Thank you for your informative posts! I wasn't aware of the term market socialism and didn't know I was talking about that lol
Would such a model eliminate excess competition/unneeded production such as the 'bajillion models of cellphones' the previous user was talking about?
Also, do you think market socialism is a good step to take in implementing socialism/communism or should we support more of a market abolitionist approach?
Market socialism is and always will be in my mind the very first stepping stone to the world beyond it at best, though there are options to jump right over it.
Excessive production, however, will only end with either standardization of certain objects produced (determining them as a physical utility like we treat service utilities such as power, water, heating, etc) under market socialism or when the means of production is a societal "ownership", particularly one where price systems are eliminated and we can begin a safe transition to planned economies.
I am personally about market abolition, but this is because I am a price system abolitionist at heart. Again, at best, it's a stepping stone.
There is still a basis for competition in a marketless society, but the competition isn't as cutthroat as it doesn't have dire consequences for failure that competition under capitalism generates. When the moment where we evolve past markets and price systems arises, competition that remains will likely be driven by renown and acclaim.
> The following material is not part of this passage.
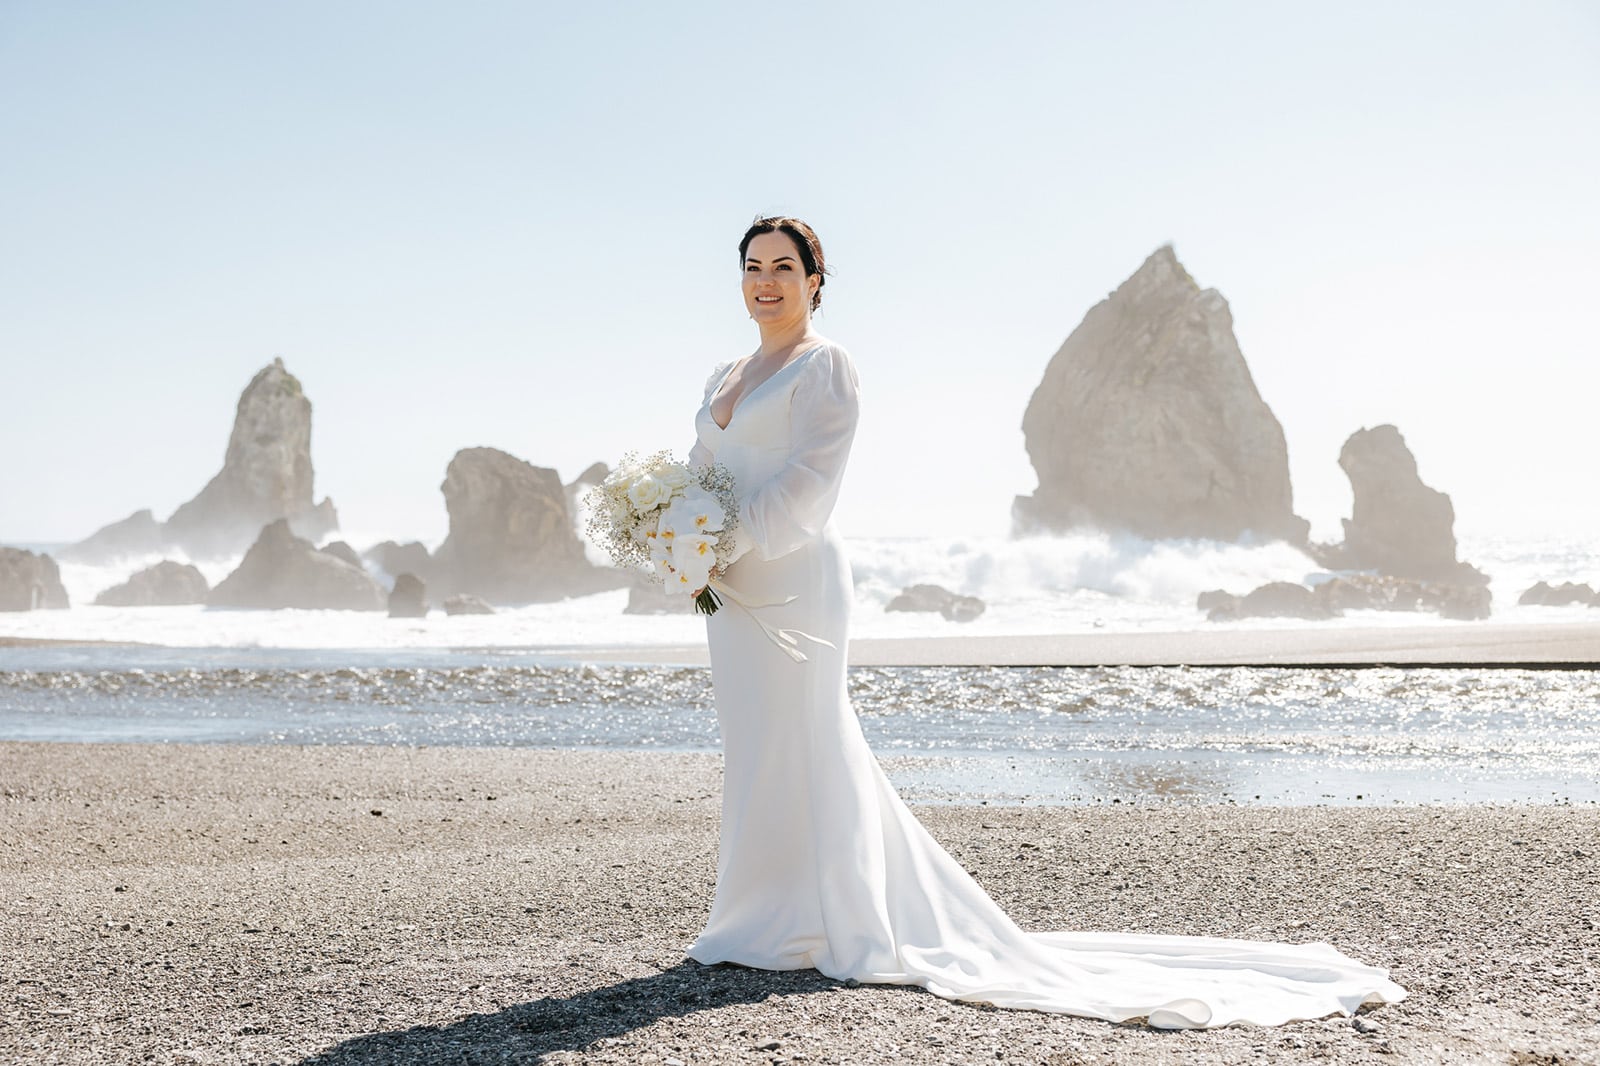 Milford Sounds Heli Wedding, Luxury elopement in New Zealand, Wedding photos at the beach

Capitalism rarely gives credence to these drivers of activity unless some monetary value can be extracted from them (and even then, corporate entities usually try to take the credit rather than the individual(s) themselves), but without price systems, their place in human motivation becomes much more prominent, because they are part of an over-arching human motivation:
legacy.
In capitalism, wealth becomes the most important and powerful legacy one can offer the world, because it often grants all the others (such as through the corporate equivalent of "stolen valour" I mentioned earlier), especially renown's cousin, prestige.
But in a world without a price system, all the other means of creating legacies would undoubtedly bubble up to the forefront. Certain work still does value such legacies for individuals even under capitalism; doctors who come up with new surgical techniques or discover new ailments are often granted renown and acclaim, but that typically is followed by wealth that those things can generate for them.
New ideas and innovations would be the brass ring some strive for in lieu of a competitive edge in a market. So even if there's no corporations and, as an example, there's only one model of refrigerator and everyone is working to design the best, most efficient and most reconfigurable kind of refrigerator, whoever designs them in a way that makes them more efficient, more repairable, etc. earns a bit of renown for their work and are lifted up by their fellow engineers and scientists for a job well done. It leaves something to compete for (to be exalted above one's peers and create a legacy), but removes the desperation.